CHENNAI: Small businesses in T. Nagar saw their sales drop by up to 90 percent following the government’s decision to demonetize Rs 500 and Rs 1000 currency notes.
“The business is down by 90 percent,” said Rashiq Ahmed, a salesperson at Babu Shoes, a store selling footwear on Ranganathan Street. Although he was disappointed by the government decision, he believes the policy would help curb black money.
Ahmed was not alone. Businesses in T. Nagar, one of the biggest markets in Chennai, were dealing with an unusual slump since the announcement of demonetization.
“The business is down by 90 percent,” said Rashiq Ahmed, a salesperson at Babu Shoes, on Ranganathan Street.
Abdul Rahman runs Afsan Boutique – a small textile store at the end of the Ranganathan Street near South Usman Road. “The business was already dull. Now it is worse,” he said.

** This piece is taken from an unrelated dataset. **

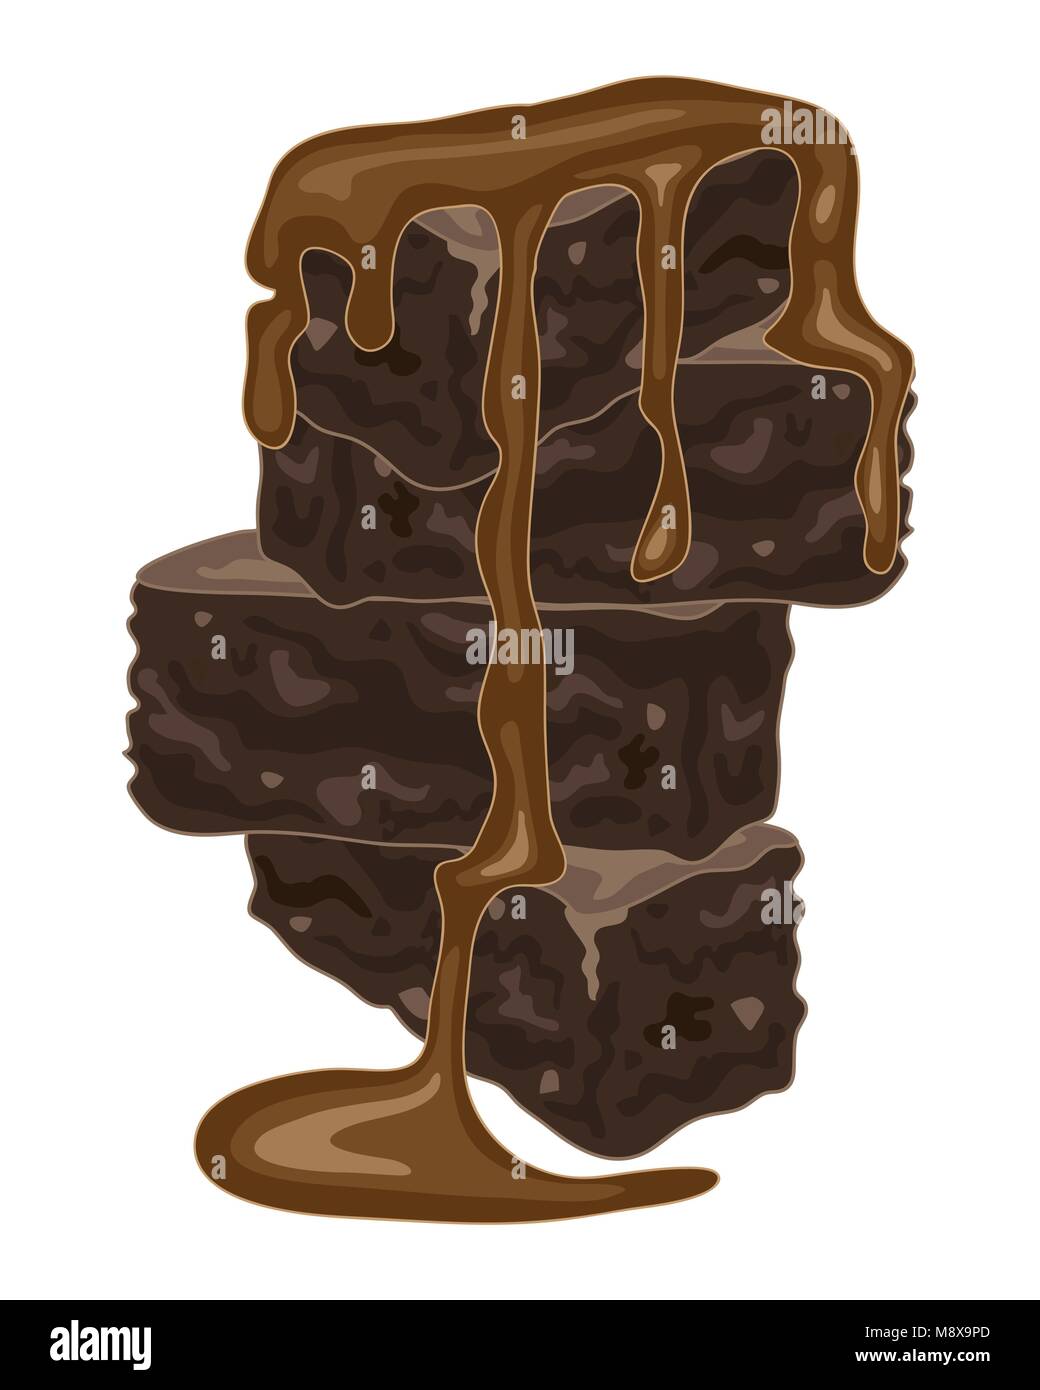 Un vecteur illustration au format eps d'un empilement de brownies au chocolat fait maison avec une riche sauce au chocolat sur fond blanc Illustration de Vecteur
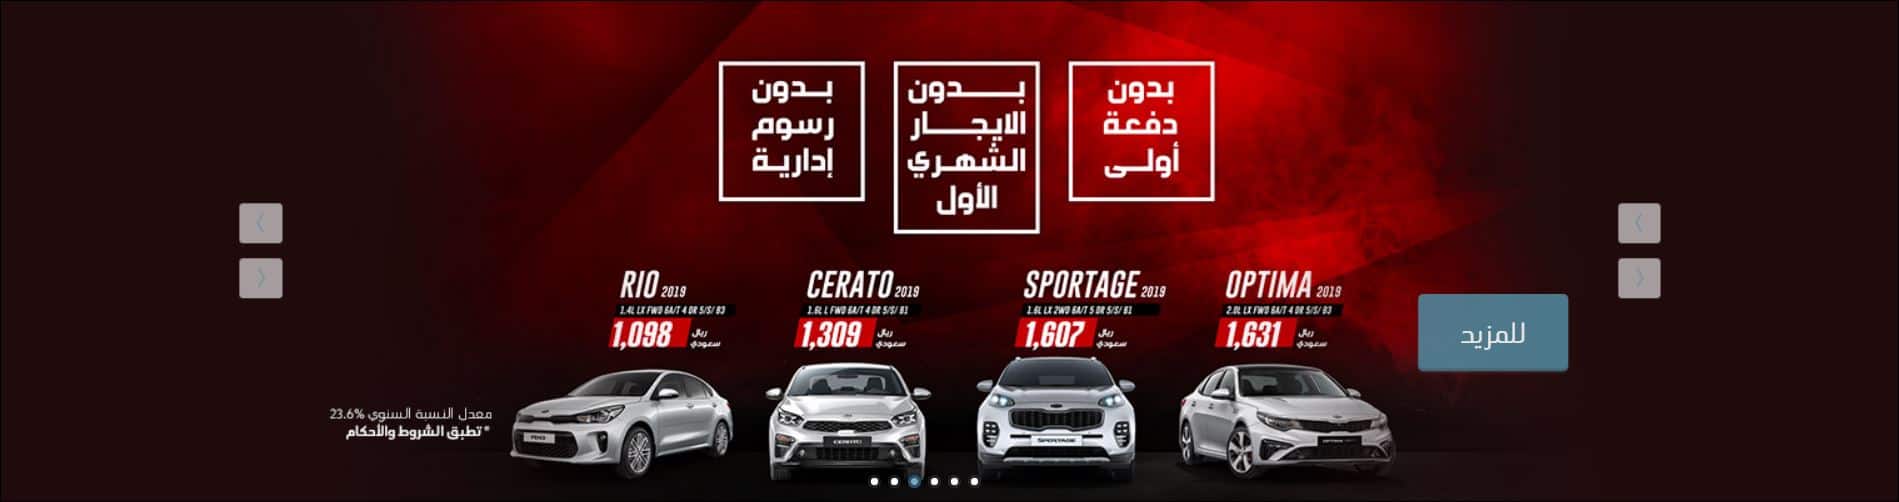 عروض السيارات في السعودية بالتقسيط من عبداللطيف الجميل سياررات ريو وسيراتو واوبتيما وسبورتاج

Like many other sellers in the street, he was not sure if the policy would have an impact on black money. “Whether it will have an impact on black money, I don’t know,” he said. “Now only small businesses and middle class are affected,” he added.
Many small business owners were skeptical about the impact of the policy. “Rich will always find ways to cheat,” said Arulappan D., manager of Esther Plastics. His business was down by 60-70 percent. He agreed this was the case with most businesses in T. Nagar. “Everyone is facing the same problem,” he said.
The crisis has forced some vendors to temporarily accept the banned notes. Nagor Meeran runs a fancy store in Ranganathan Street. When his sales hit rock bottom, he started accepting the old 500 rupees notes.
However, not many have approached him with the banned notes and his business has not recovered despite his lenience.
Meeran was an exception. Most businesses in Ranganathan Street were not accepting the old currency.
Abdul Rahman pointed to the limits imposed on currency exchange. On Wednesday the government had announced an exchange limit of Rs 2000 per person against one account, which went into effect on Friday. The long queue in banks to exchange old notes was another factor that deterred many sellers.
Despite the current lull, many were hopeful that businesses would recover in a matter of time.“Once cash comes in the ATM, everything will pick up,” said Rashiq Ahmed. “It will take some weeks,” he added.
Meeran echoed him and expressed hope that by January the sales would soar to their normal levels.
Many buyers and sellers disapproved the policy. Some believe it would have little impact on black money. “Black money [is] in shares and other forms,” noted Thiruvikraman, a shopper.
Like many others, he too complained about the long queues in front of the ATMs.
However not everyone was unhappy. “The black money is running our country,” said Gulab Sanghi who is a supplier to local stores. “My business is also affected. But this is for the good of our children. If we need to [curb] black money, this is the best policy for [the] nation,” he added.